*** RECORDS PROVIDED Section Begins ***
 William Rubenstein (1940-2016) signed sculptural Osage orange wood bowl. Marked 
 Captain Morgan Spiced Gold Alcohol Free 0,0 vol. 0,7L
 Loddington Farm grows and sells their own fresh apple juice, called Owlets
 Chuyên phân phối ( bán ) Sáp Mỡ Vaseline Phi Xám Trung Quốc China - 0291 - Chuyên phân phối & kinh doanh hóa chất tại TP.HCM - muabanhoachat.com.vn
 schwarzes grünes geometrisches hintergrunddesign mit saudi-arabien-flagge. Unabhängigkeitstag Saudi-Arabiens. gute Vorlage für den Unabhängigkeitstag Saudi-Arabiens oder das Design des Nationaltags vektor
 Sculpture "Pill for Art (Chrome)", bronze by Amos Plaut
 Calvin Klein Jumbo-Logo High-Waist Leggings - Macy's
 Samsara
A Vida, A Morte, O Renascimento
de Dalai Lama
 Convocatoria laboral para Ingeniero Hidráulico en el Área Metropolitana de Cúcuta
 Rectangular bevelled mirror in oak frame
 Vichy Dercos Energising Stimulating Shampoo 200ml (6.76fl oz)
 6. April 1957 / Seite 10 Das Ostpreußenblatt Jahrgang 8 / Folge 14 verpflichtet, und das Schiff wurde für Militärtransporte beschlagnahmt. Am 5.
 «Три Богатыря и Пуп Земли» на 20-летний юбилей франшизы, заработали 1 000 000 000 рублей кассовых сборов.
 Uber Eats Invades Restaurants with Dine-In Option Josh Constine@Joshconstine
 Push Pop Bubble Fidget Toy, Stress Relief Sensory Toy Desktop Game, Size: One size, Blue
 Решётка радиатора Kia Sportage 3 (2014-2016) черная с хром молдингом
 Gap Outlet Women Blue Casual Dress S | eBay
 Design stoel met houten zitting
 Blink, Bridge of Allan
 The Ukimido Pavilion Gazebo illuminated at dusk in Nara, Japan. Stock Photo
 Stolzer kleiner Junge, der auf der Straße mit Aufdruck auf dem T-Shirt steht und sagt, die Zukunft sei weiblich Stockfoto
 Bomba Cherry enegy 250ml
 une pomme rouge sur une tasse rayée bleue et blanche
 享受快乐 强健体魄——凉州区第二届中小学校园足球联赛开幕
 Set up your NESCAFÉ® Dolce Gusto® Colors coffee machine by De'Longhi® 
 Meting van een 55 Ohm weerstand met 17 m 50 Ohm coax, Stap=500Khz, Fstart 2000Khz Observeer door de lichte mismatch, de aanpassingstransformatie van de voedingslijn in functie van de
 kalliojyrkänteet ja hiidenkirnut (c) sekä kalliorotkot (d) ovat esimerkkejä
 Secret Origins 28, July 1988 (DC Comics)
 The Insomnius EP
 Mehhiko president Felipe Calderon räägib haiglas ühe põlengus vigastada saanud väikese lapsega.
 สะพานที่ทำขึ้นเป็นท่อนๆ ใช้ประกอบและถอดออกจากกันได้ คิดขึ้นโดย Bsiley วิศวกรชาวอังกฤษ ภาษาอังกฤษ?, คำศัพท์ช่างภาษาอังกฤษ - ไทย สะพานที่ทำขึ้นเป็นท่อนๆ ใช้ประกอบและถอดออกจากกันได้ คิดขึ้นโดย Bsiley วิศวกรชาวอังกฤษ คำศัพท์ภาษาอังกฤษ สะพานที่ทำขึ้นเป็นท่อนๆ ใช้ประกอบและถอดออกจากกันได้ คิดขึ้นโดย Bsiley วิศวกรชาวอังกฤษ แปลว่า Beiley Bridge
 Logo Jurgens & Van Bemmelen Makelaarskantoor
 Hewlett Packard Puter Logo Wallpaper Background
*** RECORDS PROVIDED Section Ends ***
Begin with the line that has "by Amos Plaut" in the listing above and end after the line that has "Gap Outlet Women Blue Casual Dress S | eBay"; output those lines exactly.

SOLVED PROBLEM:
 Sculpture "Pill for Art (Chrome)", bronze by Amos Plaut
 Calvin Klein Jumbo-Logo High-Waist Leggings - Macy's
 Samsara
A Vida, A Morte, O Renascimento
de Dalai Lama
 Convocatoria laboral para Ingeniero Hidráulico en el Área Metropolitana de Cúcuta
 Rectangular bevelled mirror in oak frame
 Vichy Dercos Energising Stimulating Shampoo 200ml (6.76fl oz)
 6. April 1957 / Seite 10 Das Ostpreußenblatt Jahrgang 8 / Folge 14 verpflichtet, und das Schiff wurde für Militärtransporte beschlagnahmt. Am 5.
 «Три Богатыря и Пуп Земли» на 20-летний юбилей франшизы, заработали 1 000 000 000 рублей кассовых сборов.
 Uber Eats Invades Restaurants with Dine-In Option Josh Constine@Joshconstine
 Push Pop Bubble Fidget Toy, Stress Relief Sensory Toy Desktop Game, Size: One size, Blue
 Решётка радиатора Kia Sportage 3 (2014-2016) черная с хром молдингом
 Gap Outlet Women Blue Casual Dress S | eBay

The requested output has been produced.